About Me

I've spent the last fifteen years exploring questions that my elite education took for granted.

My early career followed a conventional path…

Engineering at Berkeley, management consulting, then strategy at Google, where I traveled to 20 countries expanding the company’s footprint following its IPO.

In 2008 I left Google to pursue a master's degree in Economics and International Development at Harvard's Kennedy School; I wanted to apply myself to something more meaningful than growing a tech company’s reach and revenue.  

Grad school left me passionate,
but wanting. 

We were taught to make economies grow to lift people out of poverty, but never questioned economic growth as a means for development. 

We didn’t ask first order questions about justice or progress.

 I left with more questions than answers — seeding an inquiry I’ve been following ever since.

I returned to Google.org supporting their philanthropic efforts, and completed a fellowship at Stanford’s Hasso Plattner Institute of Design.

There I explored how technology and human centered design could improve governance outcomes in low income countries and taught design thinking to graduate students. 

I was doing cutting edge work, but I wasn’t yet questioning the system itself.

Concurrent with my time at Google.org and Stanford, I began a chapter that upended my sense of self.

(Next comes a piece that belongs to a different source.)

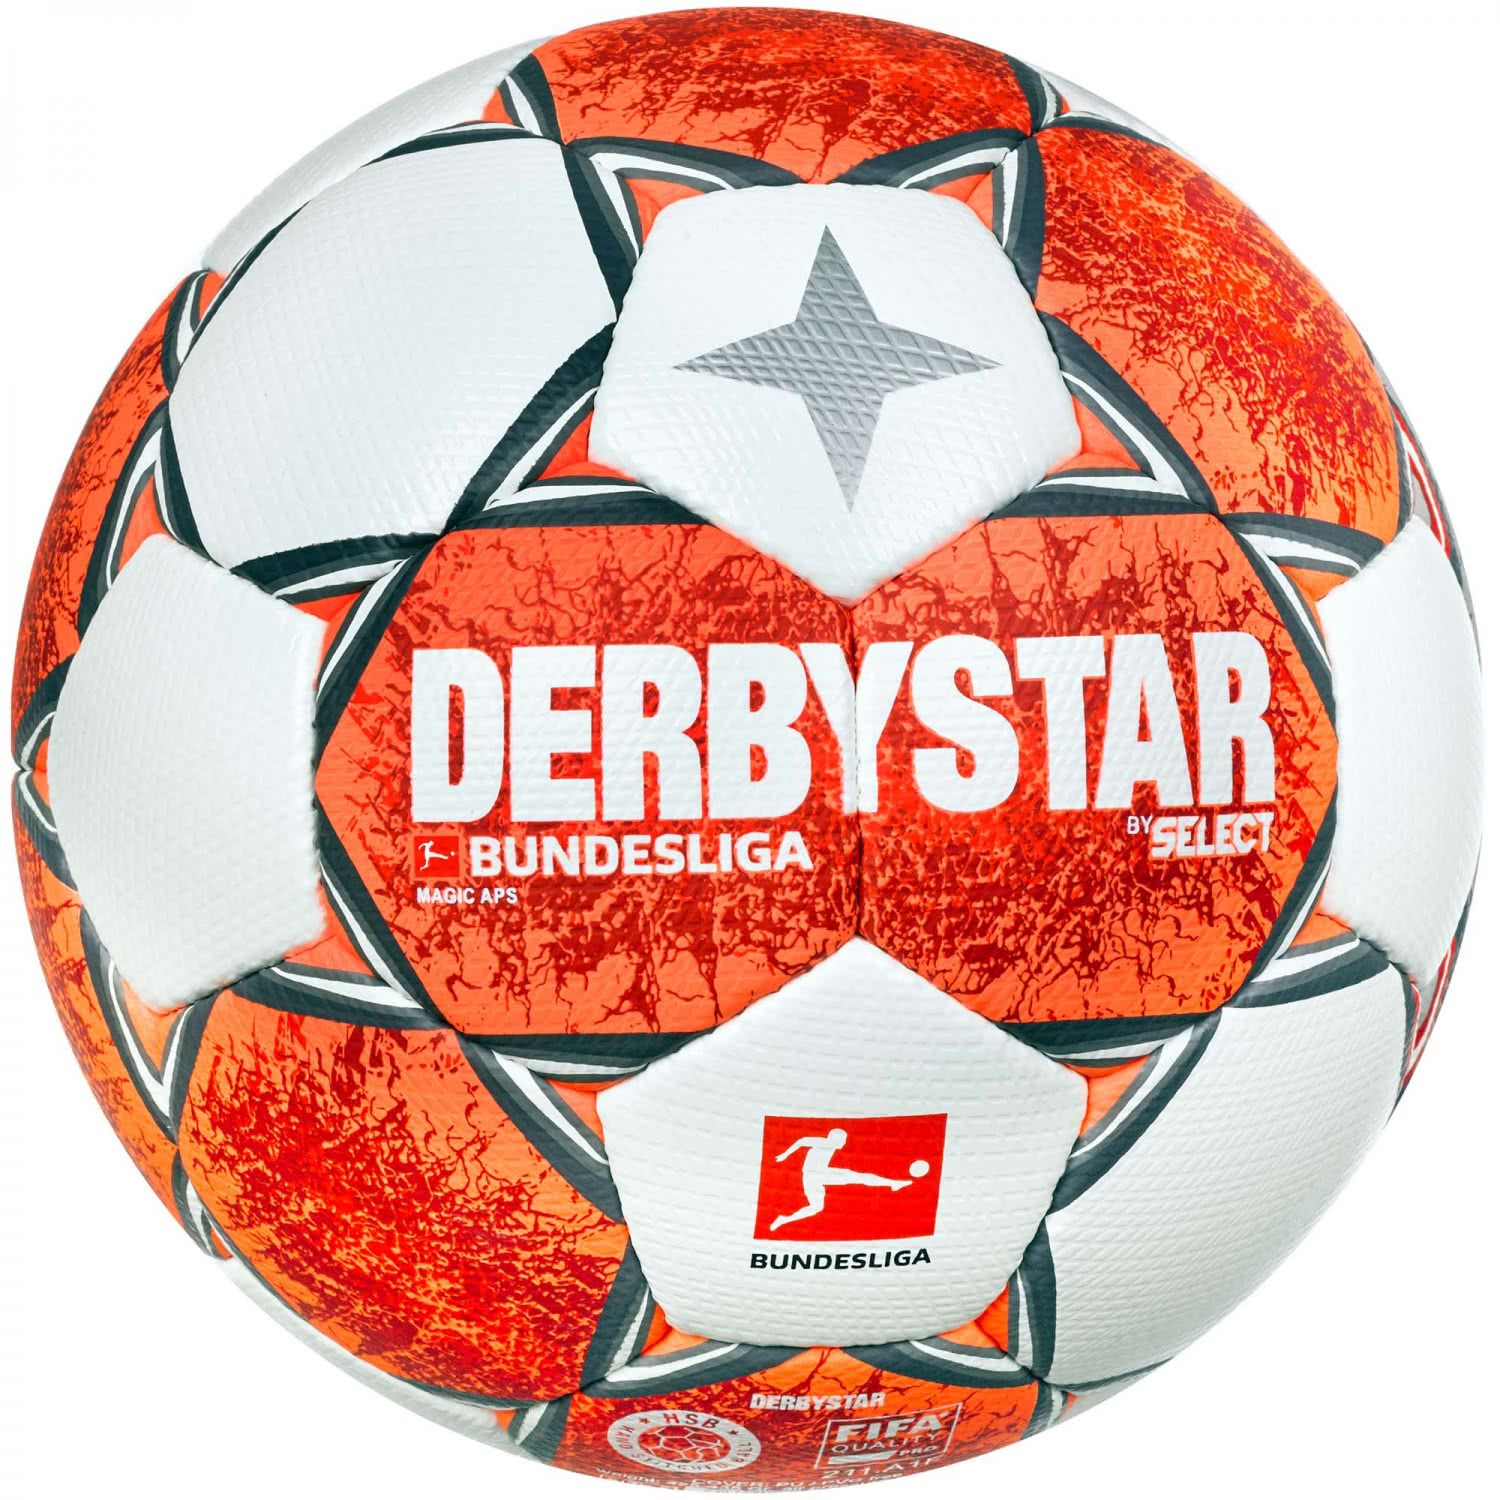 Derbystar Fußball Junior v20 Größe 3 s-light weiß-grün 17223 einzeln oder Set

I became a mother – and chose to scale back my career to spent more time with my children. Something women with résumés like mine aren't supposed to do.  But every time I turned inward, the answer was clear.  What was true for me was a rejection of the narratives I’d internalized growing up – that my career was my identity, that success was about income and status. 

My long standing yoga practice inspired me to complete a 200h yoga teacher training.  Each morning started with meditation, establishing a daily practice I have maintained ever since.

Slowly, I started to see that the inner work and systemic questions I’d been sitting with were not distinct, but inextricable.

The pandemic created the space I needed to dive deep.

As the world came to a halt, I started hosting Zoom salons for friends on the topics I wanted to understand. Universal Basic Income. Stakeholder Capitalism. Delegative Democracy.

I moved the conversations to Clubhouse, where they coalesced into an ambitious inquiry of the underlying systems of society spanning economics, politics, justice, culture, consciousness, technology – it was the depth and breadth I’d yearned for back at Harvard.

Within months, we had 85,000 followers.

Denizen emerged from the collective needs that Clubhouse revealed, not just for content, but for connection.

It has since evolved into a global community of leaders at the forefront of systemic change, and a podcast that continues to explore the transformation of society from the inside out.  To date, we have reached over 25,000 listeners across 130 countries.

This work is my dharma 


Incentive misalignment within our systems of governance and economics is the “meta-crisis” underlying the many crises we face today, from climate change to widening inequality to the rise of authoritarian populism.

This is the issue I kept gravitating towards for so many years. The work I do in service of systemic change integrates my whole self — not just my decades long career in technology and policy — but my spiritual practice, my love of community building, even the maternal side of me I’ve honed through motherhood.

I approach a cause of this magnitude with humility, and am always thrilled to find co-conspirators along the way.